● TASK ITEM
Word for word, output the data, with none of its pictures.

● DATASET CONTENT
────
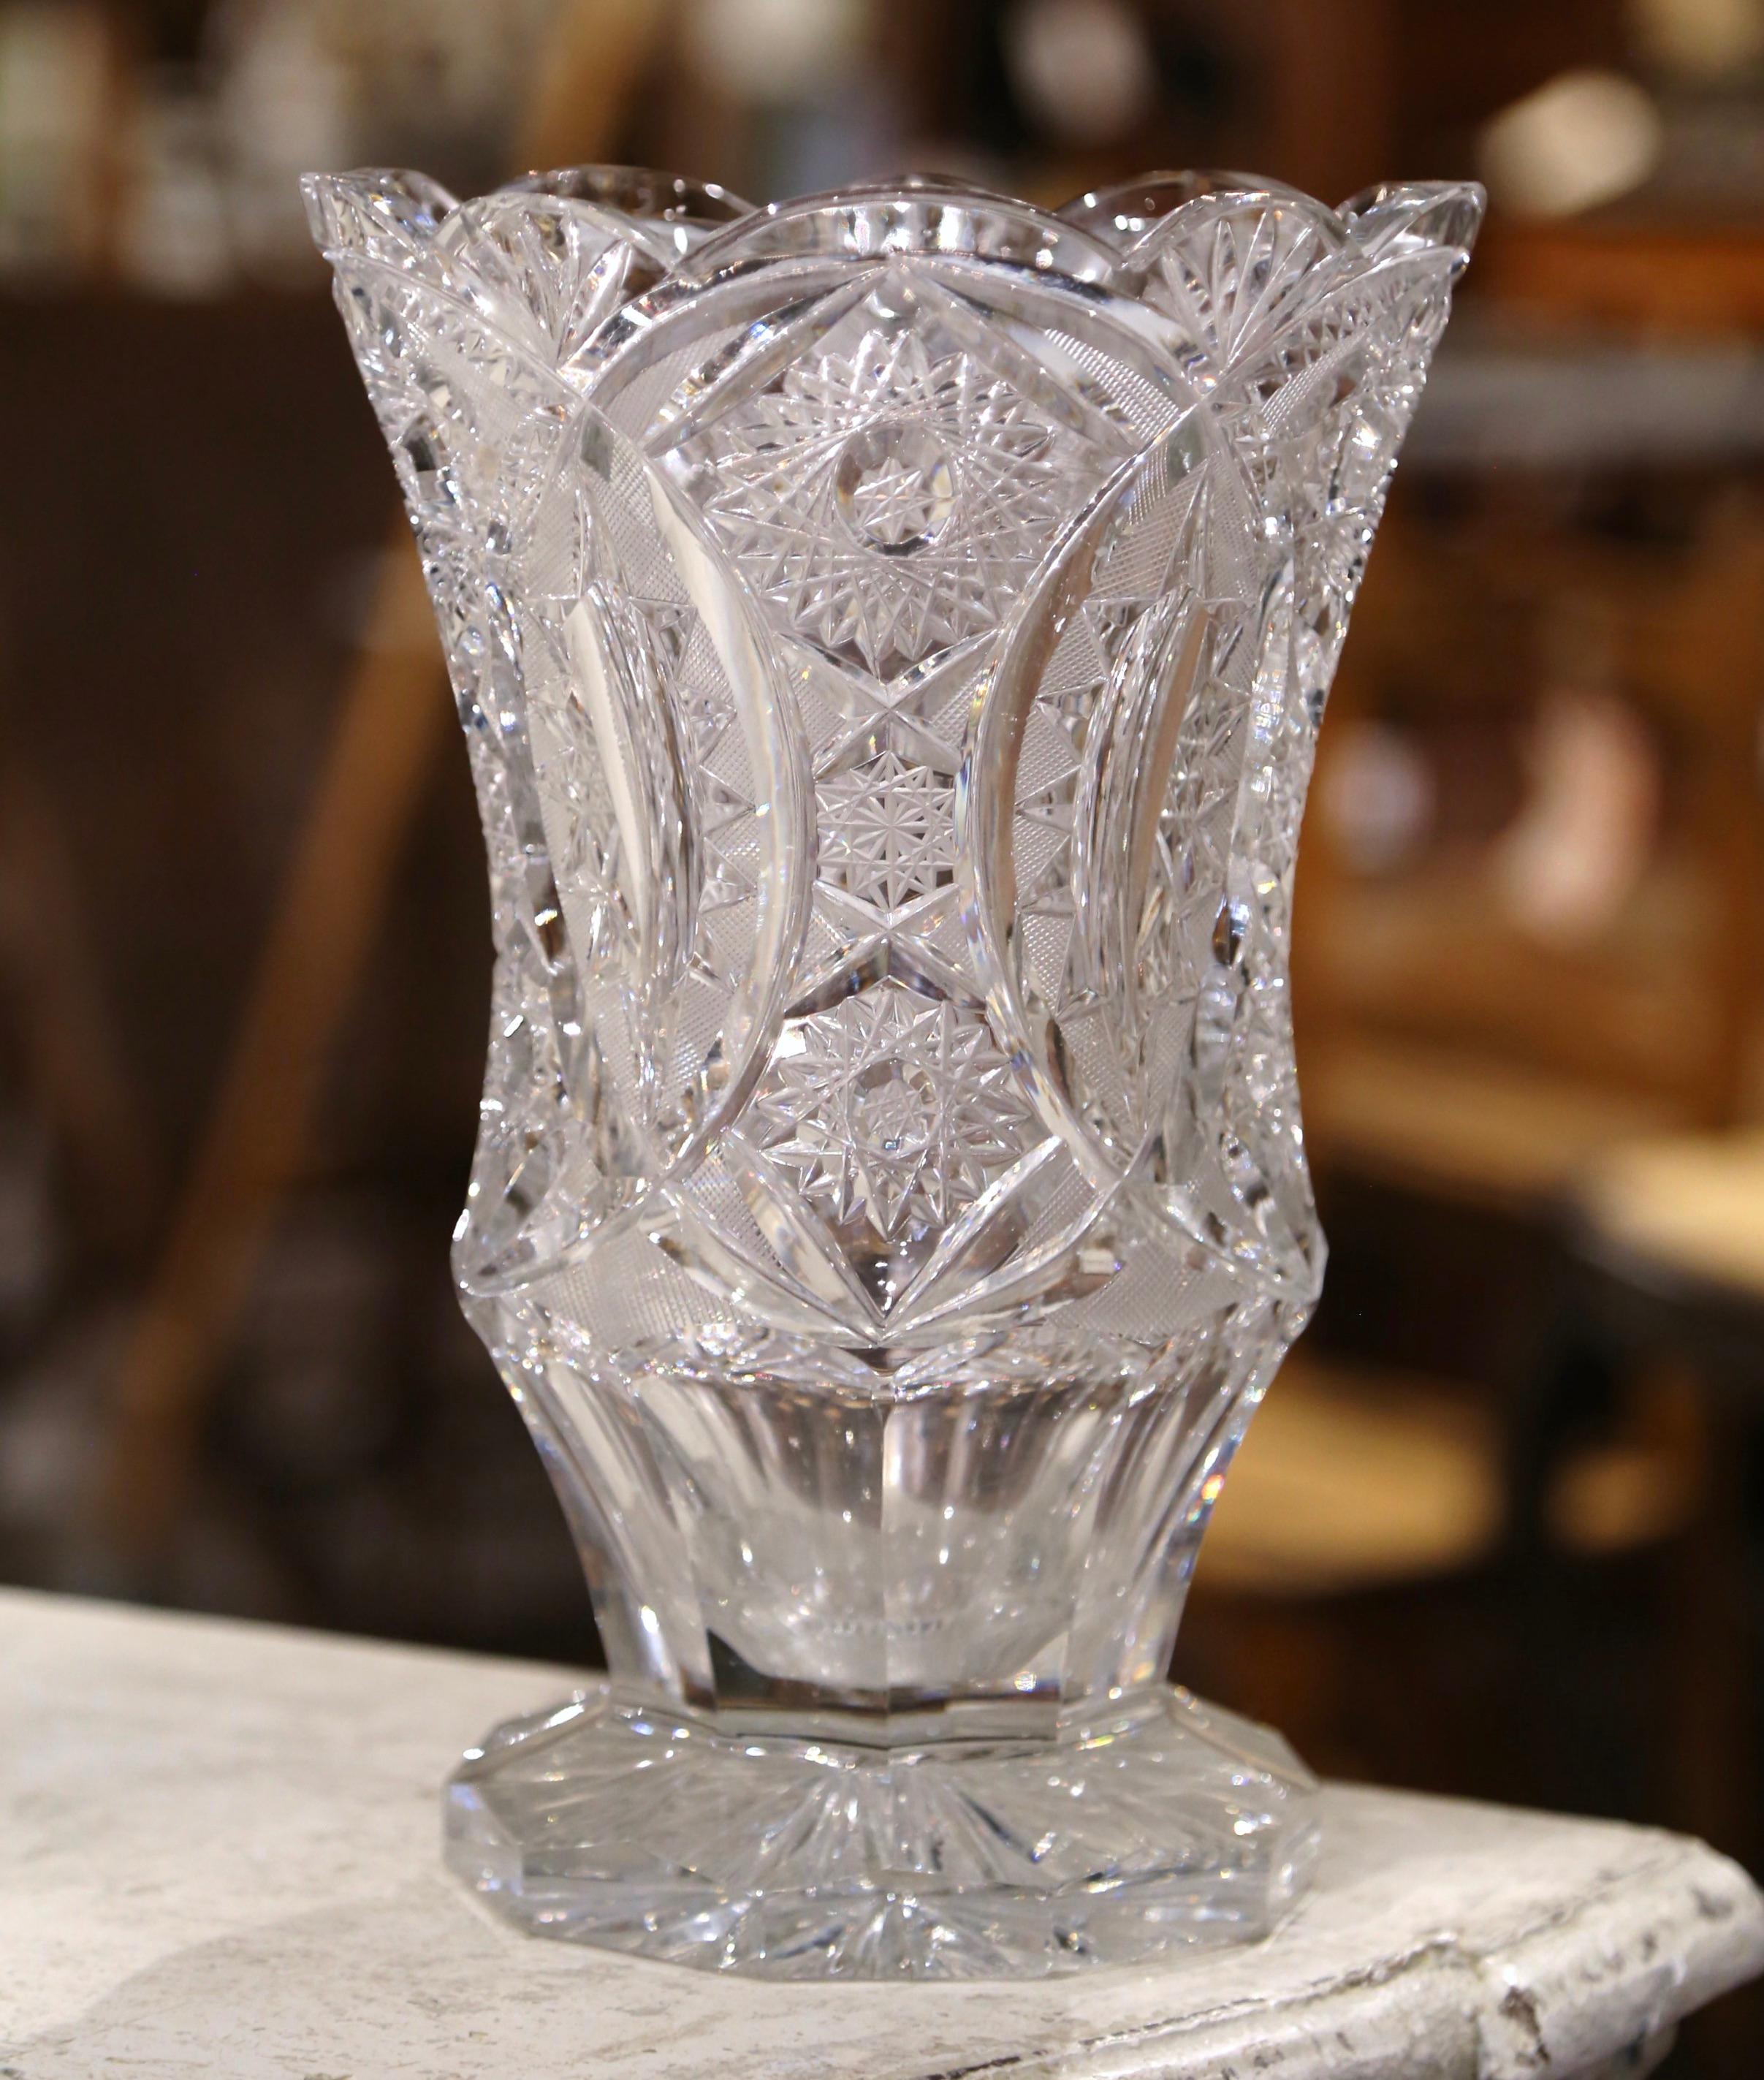 Dekorieren Sie einen Beistelltisch oder eine Enfilade mit dieser eleganten antiken Vase. Die um 1960 in Frankreich gefertigte hohe neoklassizistische Vase steht auf einem achteckigen Sockel und ist oben mit einer breiten Öffnung verziert. Die Vase
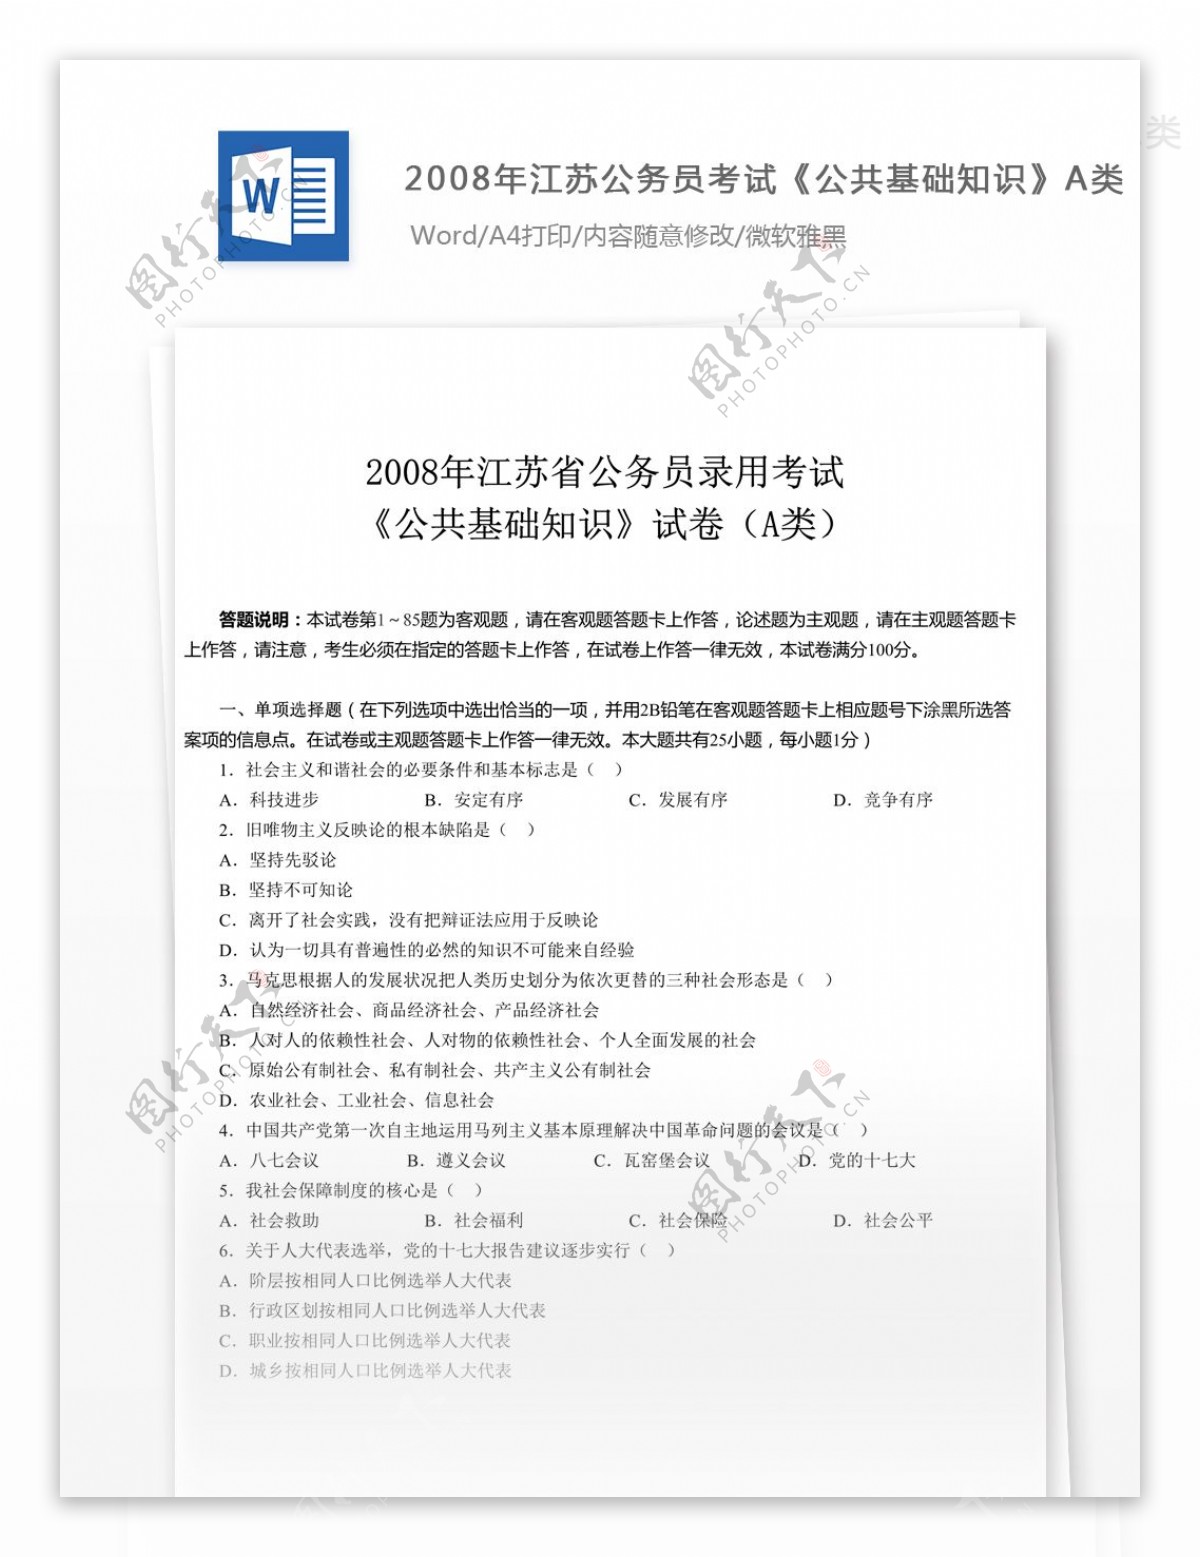 2008年江苏公务员考试公共基础知识
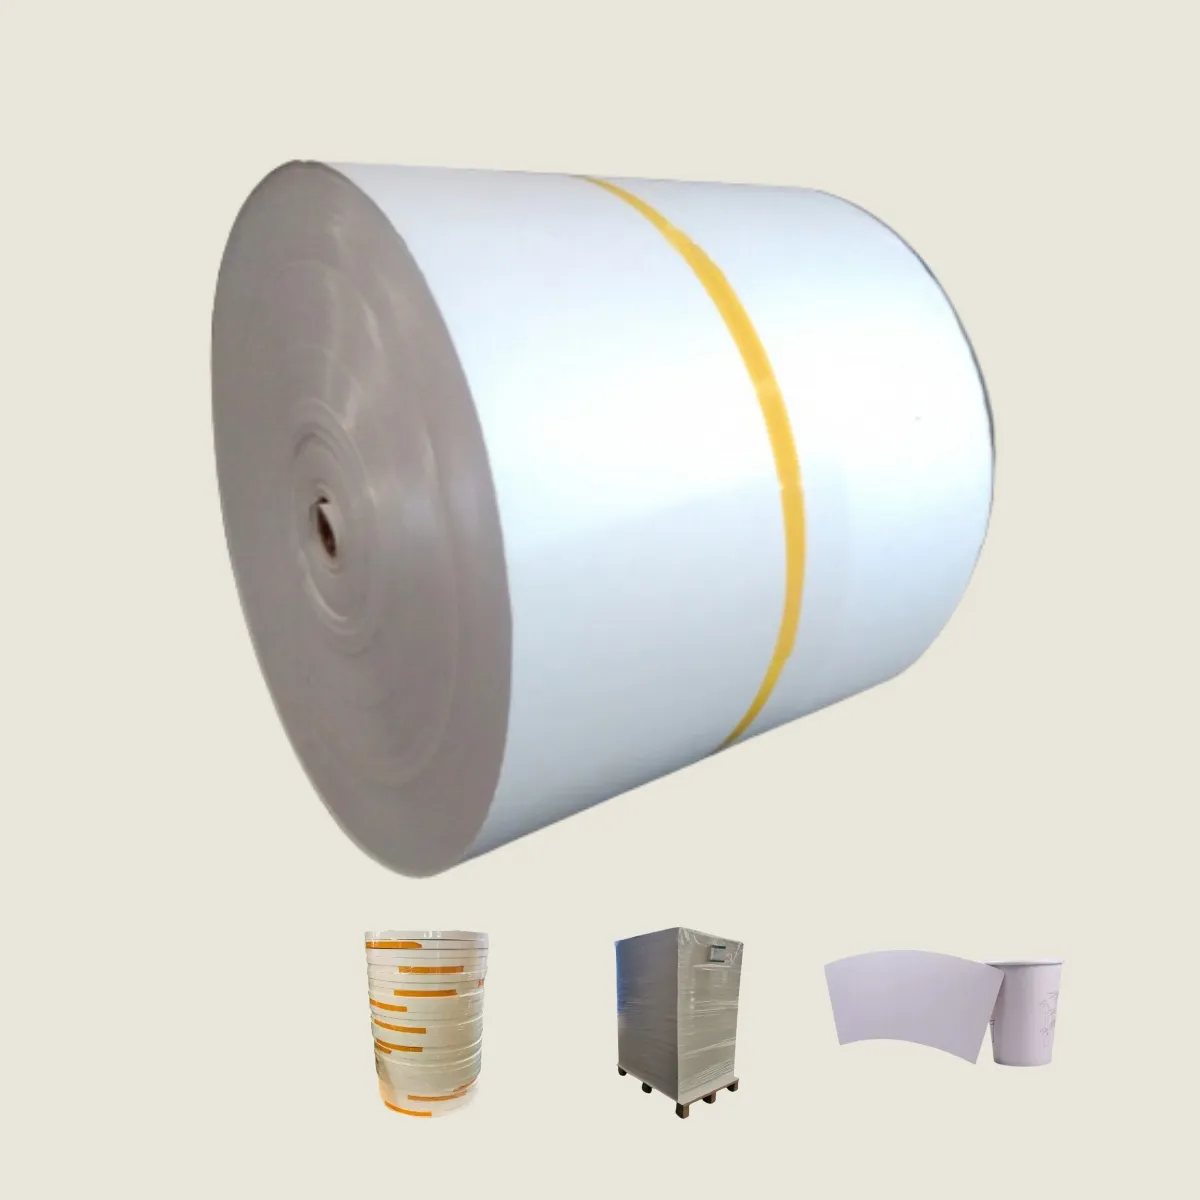 Prezzo di fabbrica tazza di carta patinata in polietilene carta rivestita tazza materie prime carta patinata rotolo tazza di carta
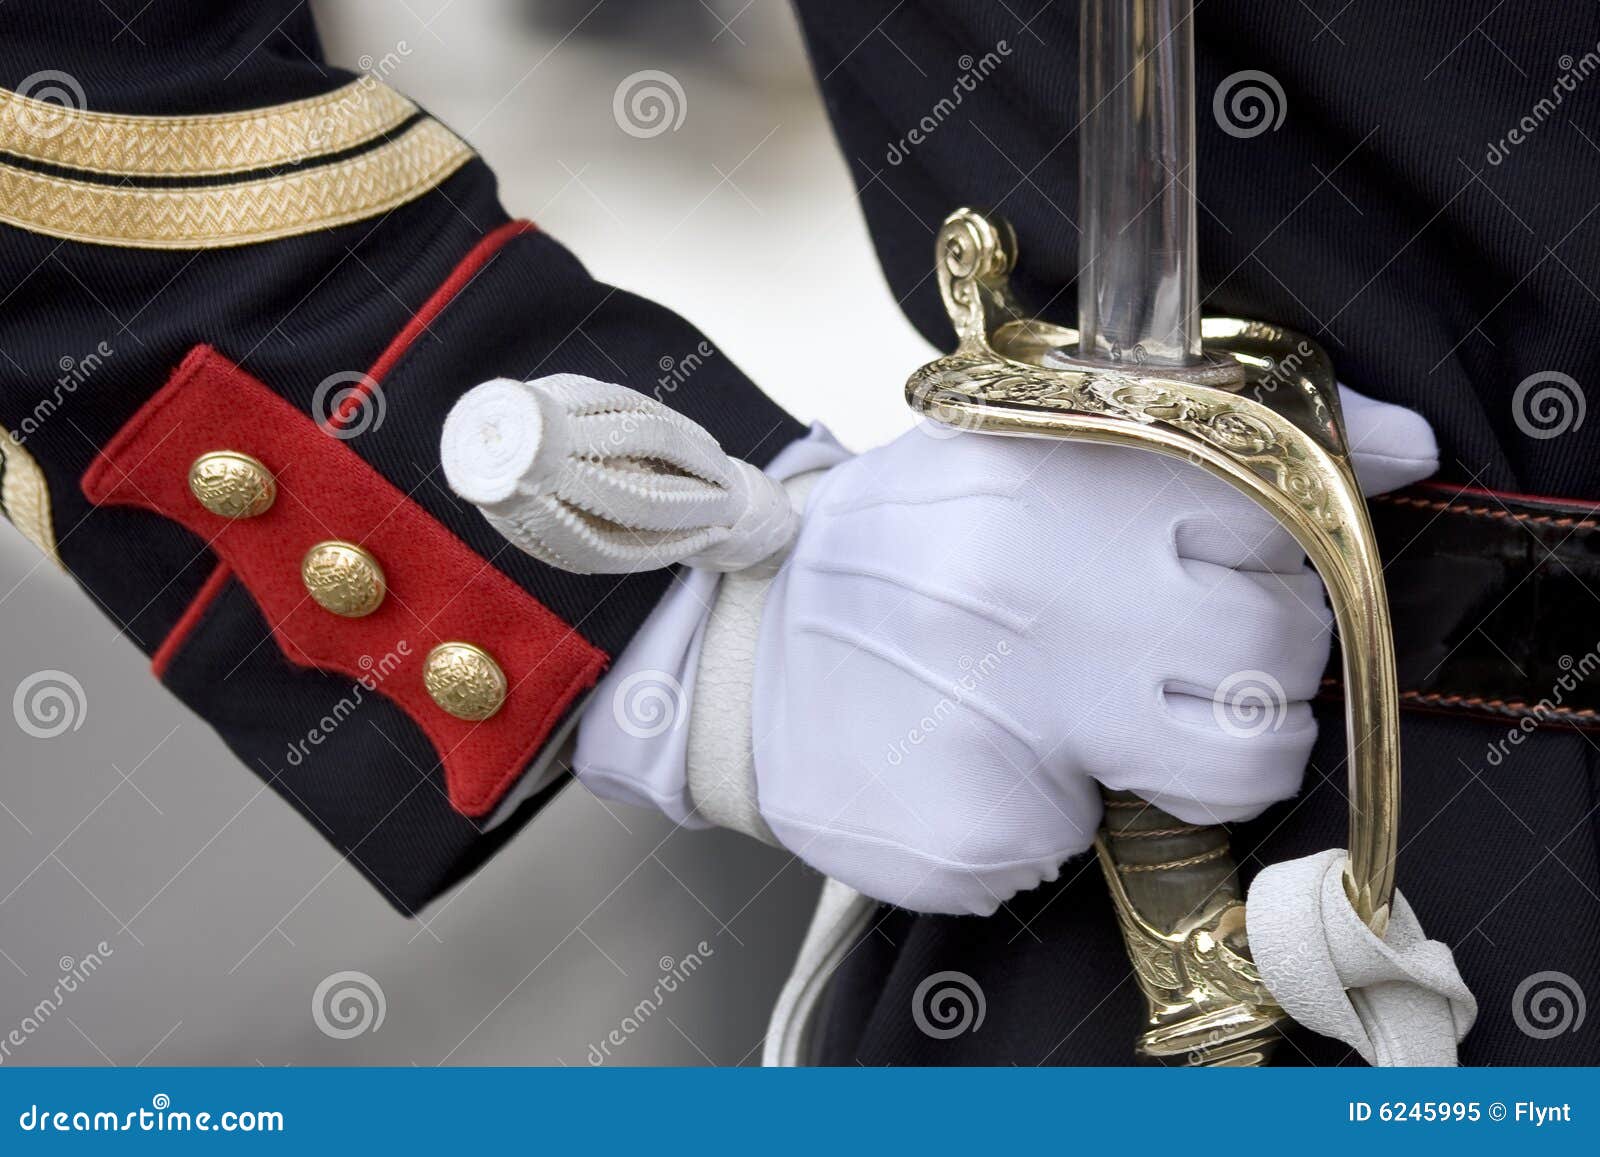 sword of honour guard
────
● RESULT
 Dekorieren Sie einen Beistelltisch oder eine Enfilade mit dieser eleganten antiken Vase. Die um 1960 in Frankreich gefertigte hohe neoklassizistische Vase steht auf einem achteckigen Sockel und ist oben mit einer breiten Öffnung verziert. Die Vase
 2008年江苏公务员考试公共基础知识
 Prezzo di fabbrica tazza di carta patinata in polietilene carta rivestita tazza materie prime carta patinata rotolo tazza di carta
 sword of honour guard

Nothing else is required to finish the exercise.